Beaucoup de choses ont été dites à ce stade du débat. Je m’étonne par contre que, dans ce débat qui concerne les orientations budgétaires, l’opposition n’ait pas fait une seule proposition !
Quelques points quand même sur les élus territoriaux, Je voudrais dire un mot tout à fait juste, qui m’a été soufflé par une collègue, c’est que la proportionnelle a cette faculté de faire monter des jeunes talents dans les différentes assemblées. Ce qui veut dire que, quand on va procéder à ce scrutin territorial, il sera extrêmement difficile d’avoir cette parité dans les 20% restants de proportionnelle.
La deuxième chose que je voudrais dire sur cette « décentralisationfaçon Sarkozy. » On a beaucoup critiqué, depuis un certain nombre d’années, les sommes que l’on mettait sur la table, les dépenses non compensées. Je vais prendre ma casquette départementale – vous avez remarqué que je parle rarement du département dans cette assemblée – la chambre régionale des comptes vient de rendre son avis en ce qui concerne le département de la Meurthe-et-Moselle. Sur 200 millions d’euros non compensés depuis 2004 et à quelques milliers d’euros près, la Chambre Régionale des Comptes arrive à nos mêmes chiffres. Vous imaginez ce que cela veut dire en termes d’imposition ! Au-delà de la brisure du pacte républicain c’est ce que j’appelle une véritable « castration budgétaire ». Car dans le même temps, la perversité du système veut que les collectivités font payer les ménages. C’est fortement injuste de faire payer les plus pauvres pour payer les cadeaux des riches ! Je trouve ça scandaleux ! Le Conseil Général de la Meuse va prochainement être en cessation de paiement pour ses routes. Je vous renvoie à Alain Juppé ou Jean-Pierre Raffarin qui dise également ce que je viens de dire.
Un propos a été tenu sur les diplômes en Lorraine. Une des ressources essentielles de notre région c’est la qualité de son Université. Je salue notamment le travail qui a été accompli par Jean-Pierre Moinaux puisqu’on aura bientôt, une seule Université Lorraine ; l’objet essentiel de la recherche que nous opérons actuellement, au département de Meurthe-et-Moselle et à la Région, c’est de faire le fil rouge qui conduira à ce que les jeunes diplômés aient une meilleure motivation et capacité pour entreprendre.

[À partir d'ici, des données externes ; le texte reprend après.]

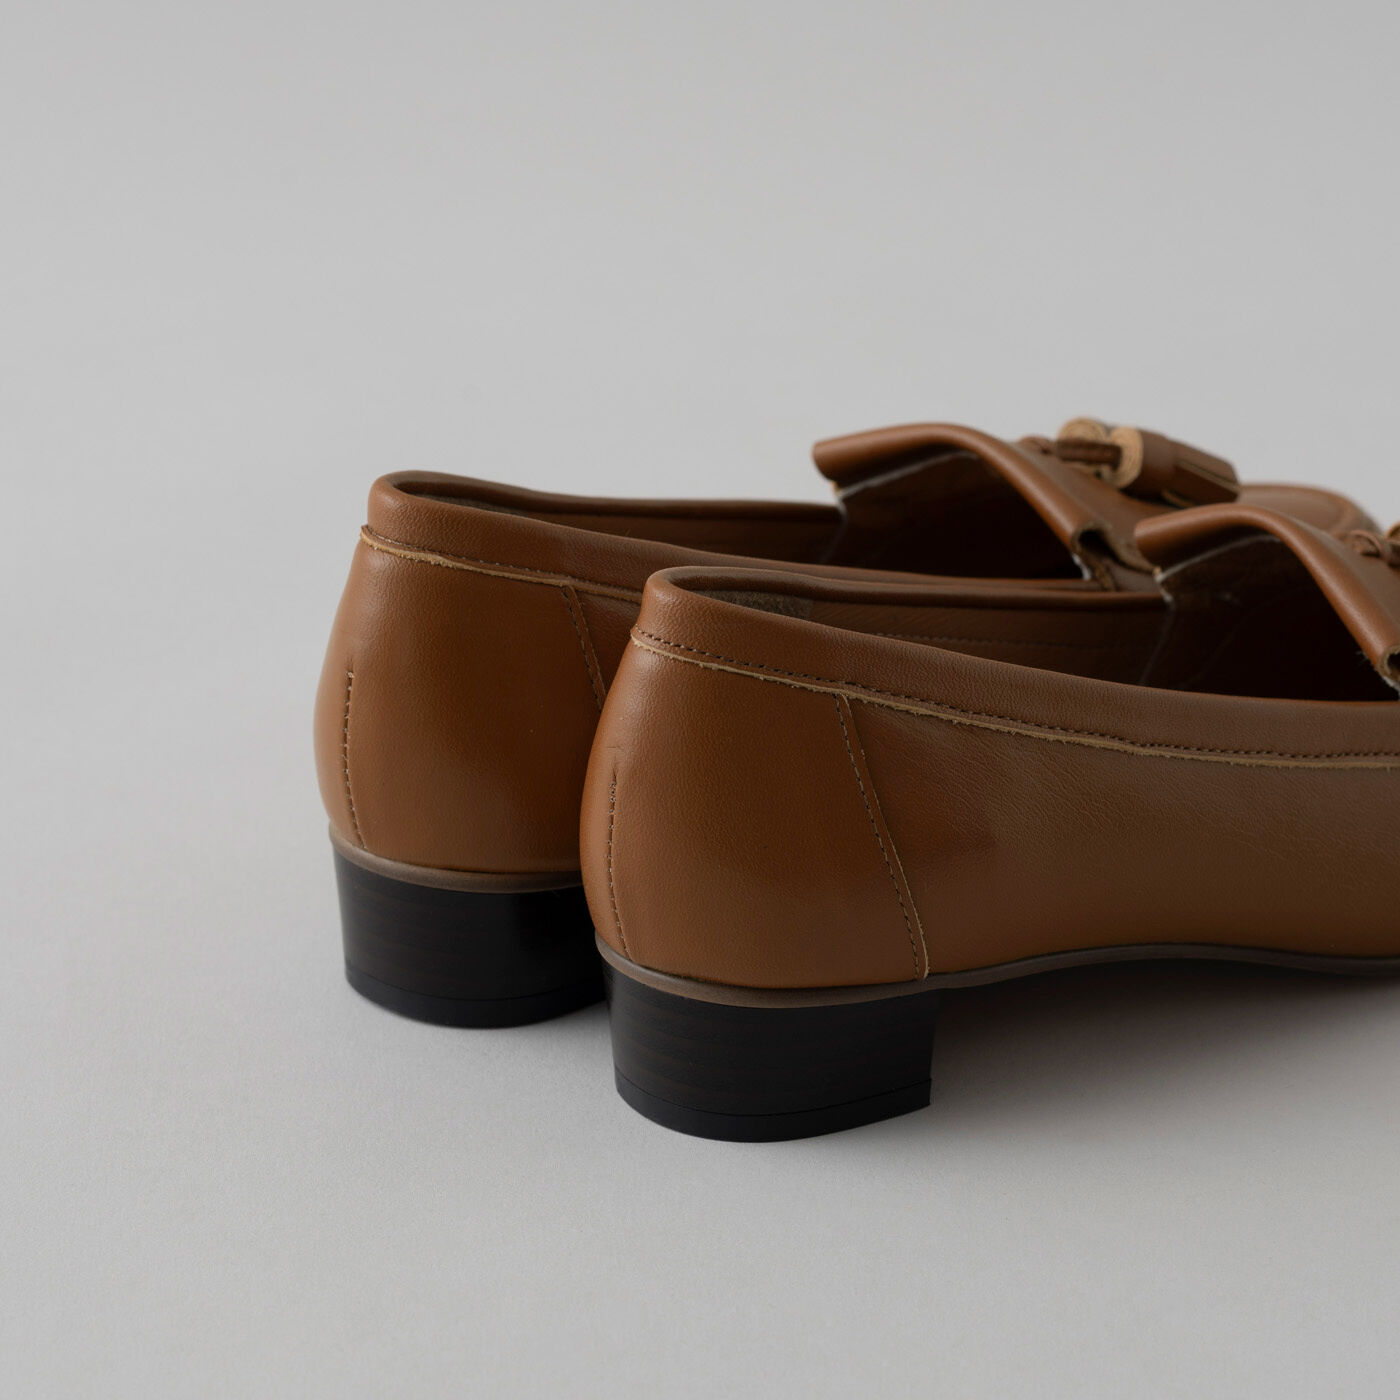 ＆Stories|長田の靴メーカーと作った　職人本革のタッセルローファー〈ブラウン〉|ほどよいヒール高と疲れにくいクッション性で、機能面もばっちり。

Sur la filière automobile et ce sera mon dernier point. Je le disais en aparté à Gérard Longuet, nous sommes tous deux passionnés par la voiture ; c’est un réflexe, c’est comme ça, j’ai des tares comme tout le monde. Par contre on n'a rien entendu sur le fait que la Meurthe-et-Moselle et la Région se sont investies pour récupérer le bâtiment de Daewoo pour garder Faurecia, que nous avons un groupe espagnol qui s’est installé, que nous avons accompagné, non seulement sur des subventions mais aussi des cautionnements d’emprunts, que nous sommes en train de travailler sur la filière électrique. J’étais, il n'y a pas plus tard qu’une semaine, avec les responsables de chez Renault : 2011, 2012, ils vont sortir leurs premières voitures totalement électriques et avec une mission qui a été confiée à Adielor et au CAPEMM, pour que, sur l’ensemble de cette chaîne, on trouve comment mobiliser les énergies. Là encore, les quatre Départements lorrains et la Région peuvent mettre un énorme pied à l’édifice de la voiture électrique, qui sera, j’imagine, la voiture de demain et consommera moins d’énergie. Nous sommes, sur ce point, extrêmement en avance par rapport à d’autres régions donc on n’a pas les pieds dans le même sabot. On est très en avance sur ces choses là. On accompagne toute la filière des équipementiers qui souffre pour garder la main d’œuvre dans notre paysage. Je rappelle aussi la difficulté qui est que nous ne sommes pas des moteurs de développement pour ces secteurs comme le sont les pays émergents dits BRIC (Brésil, Russie, Inde et Chine). Nous nous devons, avec la capacité inventive, de garder les gens formés sur place.